The Swiss research infrastructure for particle physics CHRISP
Particle accelerators are central components of PSI. They help researchers obtain particles that are used for fundamental physical experiments. With particle beams made up of pions, muons, neutrons, protons, and electrons, researchers are investigating how our universe is constructed. The Swiss research infrastructure for particle physics – CHRISP – enables them to determine fundamental natural constants with the greatest precision and to look for deviations from the current standard model of particle physics. They also develop and test detectors for experiments at PSI, for space missions, and for the European research center CERN in Geneva.
Since 1974, the high-intensity proton accelerator HIPA has been the basis for a particle factory that helps to keep fundamental research running at PSI. HIPA and another proton accelerator called COMET form the basis for one of the five large research facilities at PSI: the Swiss research infrastructure for particle physics CHRISP. A total of around 400 researchers work at seven different experimental stations for particle physics at this large research facility.

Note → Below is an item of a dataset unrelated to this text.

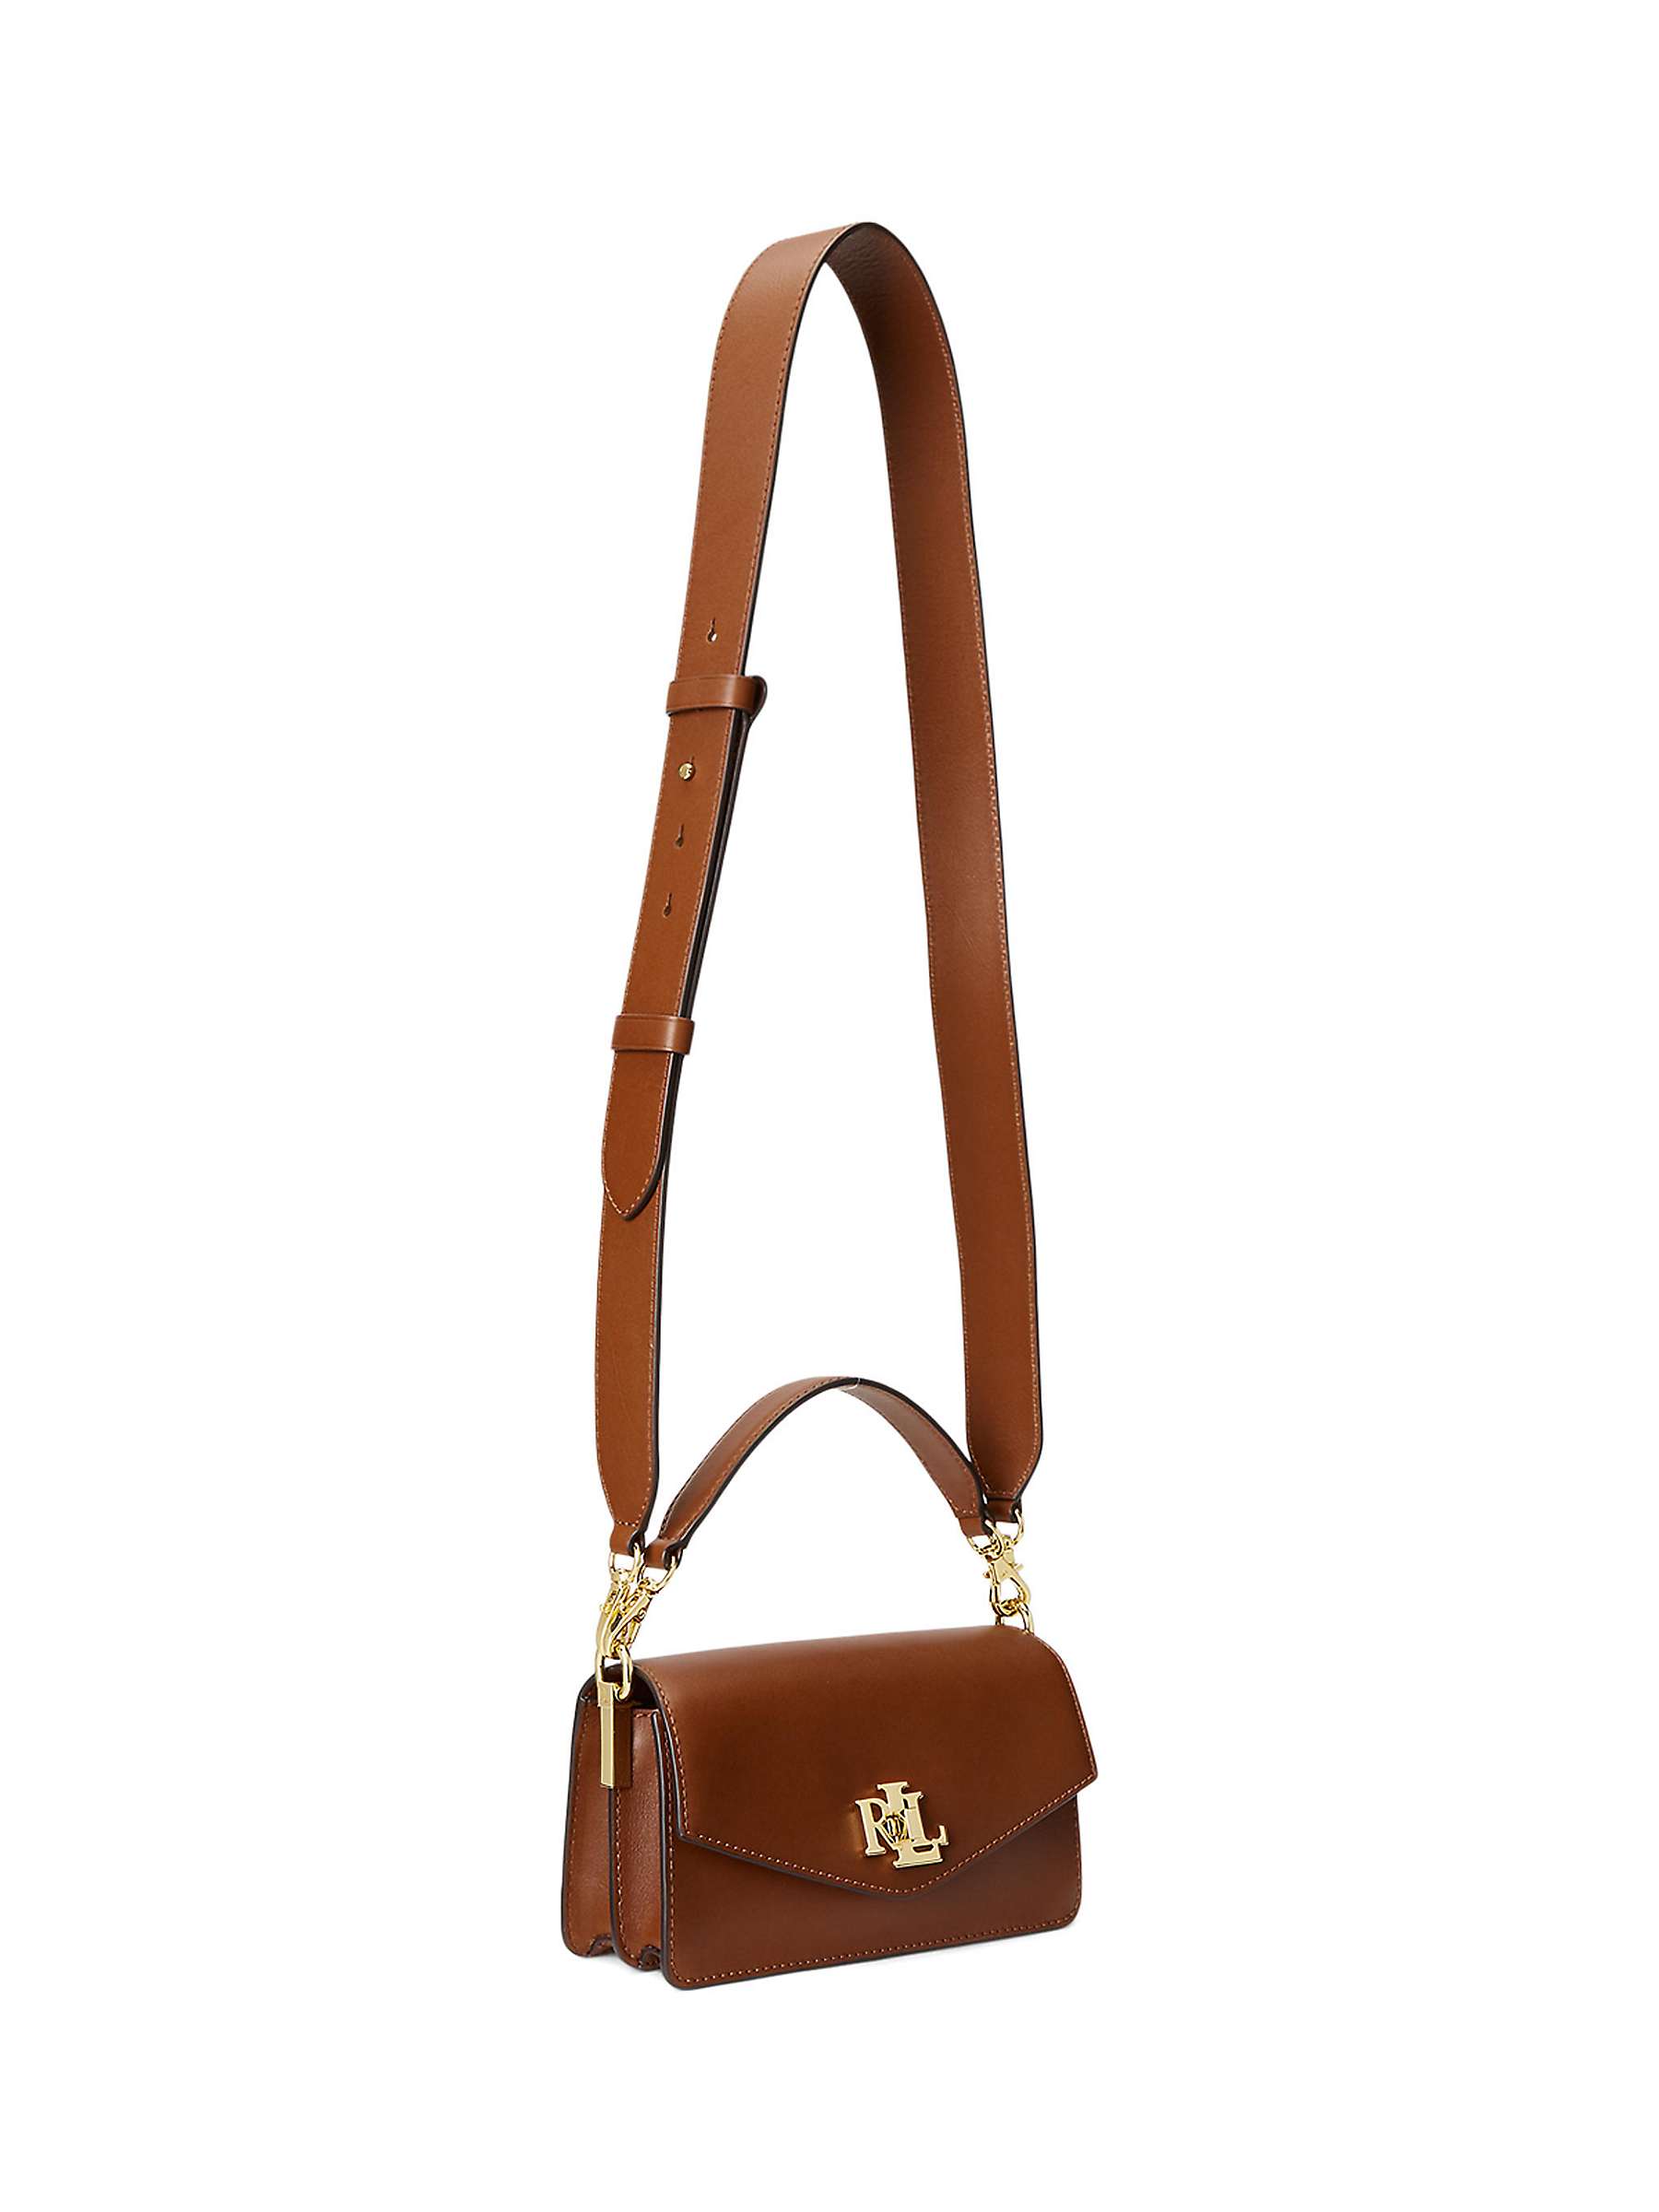 Buy Lauren Ralph Lauren Tayler 19 Leather Grab Bag Online at johnlewis.com

Protons are the positively charged building blocks of atomic nuclei, and they in turn consist of three basic building blocks called quarks. At PSI, protons from HIPA are made to collide with two targets, rotating rings made of carbon, at 80 percent the speed of light. This creates pions, which are made up of two quarks. These in turn decay into muons. The latter are similar to the electron but are roughly 200 times heavier. Originally, particle physics at PSI mainly studied pions; today significantly more experiments are carried out with muons. Thanks to continuous further development, the facility at PSI is the world's most powerful pion and muon source for particle physics.
Thin and thick targets
The proton beam from the HIPA accelerator first hits a graphite wheel that is only five millimetres thick. It bears the designation "M" for "mince," French for "thin." In collisions with carbon nuclei of the graphite, the fast protons generate pions, which decay into muons after an extremely short time. The pion-muon beam is guided, with the help of magnets, to a first measuring station called πM1. Here the energy of the particles can be adjusted more precisely than at any of the other experiment stations. Initially, measurements here were mainly carried out on pions. Since 2018, an experiment called MUSE (Muon Proton Scattering Experiment) has been running in πM1. With this, an international research collaboration aims to determine the proton radius through simultaneous measurement of the scattering of electrons and muons on hydrogen. An earlier experiment conducted at PSI by the CREMA collaboration (Charge Radius Experiment with Muonic Atoms) had revealed a clear discrepancy between measurement results and what was then the established value for the proton radius.
After the graphite wheel “M,” the proton beam hits a second target: the carbon target “E.” The letter stands for “épais,” French for “thick” – this target is 40 millimetres thick. Here significantly more pions and thus more muons are produced than on the M target, and more experimental areas can run simultaneously, including πE1 and πE5, where different particle physics experiments are carried out. At πE5 there are mostly muons with low energies. This is where researchers have access to the strongest beam. The CREMA collaboration also conducts its laser spectroscopy experiments here. Other international teams are looking for “new physics” with which they could either complete or redesign the established but imperfect standard model of particle physics.
For example, they are seeking evidence of the decay of muons, which according to today's standard theory should not exist. With the so-called MEG experiment, they spent years searching for an event in which a muon decays into a positron, that is, the positively charged antiparticle of the electron, and a light particle, a photon or gamma – in vain. Thanks to this null result, some theories could already be excluded as extensions of the standard model. An apparatus ten times more sensitive, MEG II, and another experiment called Mu3e are to carry on the quest. With Mu3e, the researchers hope to discover a never-before-seen decay of a positive muon into two positrons and one electron.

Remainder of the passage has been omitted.